Very few, convener. As the paper explains, it is quite a straightforward and essentially administrative proposal that requires no changes to standing orders. I have spoken to Mike Watson, who originated the correspondence, and he has said that he is content with our proposal and that it meets his initial suggestion.
Is the committee broadly content with what has been suggested?
I have a question that probably reflects my ignorance of the law. Might a committee be acting wrongly if it lodged an amendment during stage 2 discussions? In other words, if a committee is acting in a judicial capacity by going through a bill and agreeing or disagreeing to amendments, and then lodges its own amendment, is that a problem legally, morally or in any other way?
The paper does not envisage that a stage 2 committee—that is, the committee to which the bill has been referred for stage 2 consideration—will lodge committee amendments. The mechanism would be that other committees should lodge amendments at stage 2. It seems unnecessary for the stage 2 committee to agree to lodge an amendment in its name, because the same committee will dispose of the amendment. If the committee agreed that an amendment was desirable, it could simply agree to it and enter it into the bill.
I presume that the same applies to committee amendments, other than amendments from the lead committee that are lodged at stage 3.
Indeed. At stage 3, it might be appropriate for the committee that conducted the stage 2 debate to lodge an amendment in the committee's name. The decision whether an amendment is agreed to and should therefore become part of the bill is for the whole Parliament to make.
Thanks for that clarification.
Although I can understand the motivation behind enhancing the weight that is given to committee views in the Parliament, I have some concerns about the idea that committee members are bound by committee decisions. An amendment might well have been agreed to without any particular challenge, because the matter had not been scrutinised as much as it might have been. One of the dangers of our unicameral system is that there are no arrangements for revision, which is probably why it is important to deal with matters as best as we can at stage 2. However, I can well imagine a situation in which fresh information comes to light after the committee report is published. Although I am in favour of the notion that committees should be regarded as an important part of the Parliament, I am not too convinced by the idea that we should bind committee members to committees' views. That might undermine the position of a convener or vice-convener who lodged an amendment on behalf of a committee.
I do not think that the proposal is intended to be binding. Paragraphs 12, 13 and 14 of the paper make it clear that committee members cannot be bound in that way.

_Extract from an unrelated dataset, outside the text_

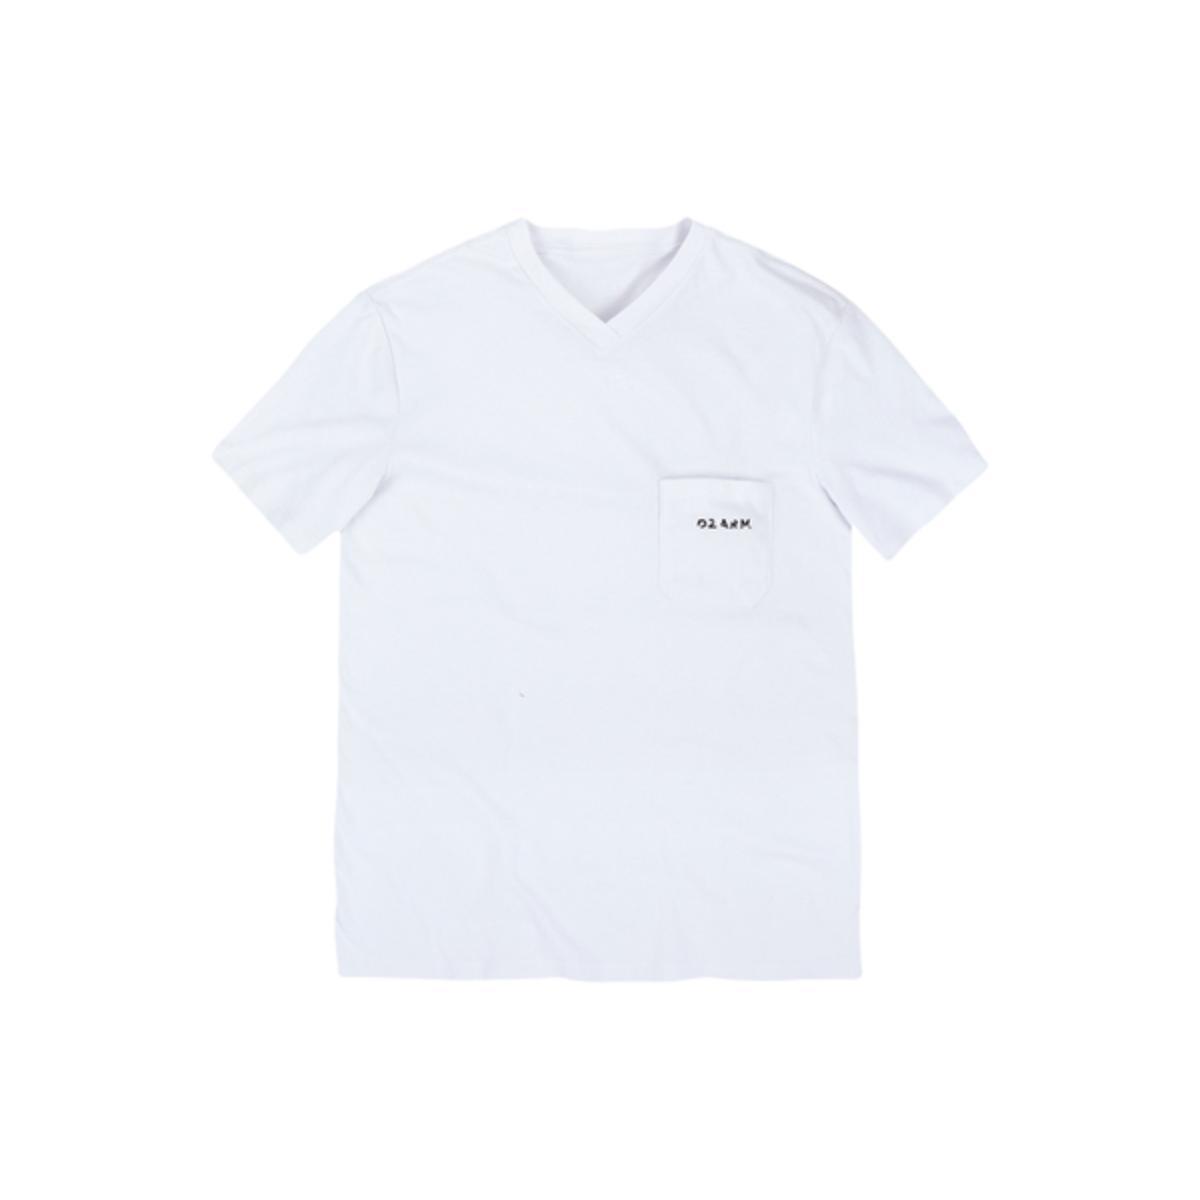 Camiseta Masculina Dzarm 6rmd N0aen Branco

If the members are not bound, the underlying premise that the committee can lodge an amendment is—
The point was—well, I do not even remember the initial issue that gave rise to the proposal. Based on the information that it had, the Finance Committee firmly held the collective view that an amendment should be passed. The committee felt that it would give its viewpoint greater weighting in other people's deliberations if it were possible to express the amendment as a committee amendment. Clearly, if a committee amendment unravels and in the light of subsequent discussion, information, party pressure, full attendance or anything else—who knows what might change—committee members do not entirely support the amendment, that would delete the significance of the collective view. However, if a committee felt that, despite what fate could throw at it, it still held to its view and wished to express it, it is not unreasonable for such a committee to find a way to express its point of view.
Okay.
Sorry about that—it was a bit of a sledgehammer. Are we agreed?
I think that we have to write to everyone concerned.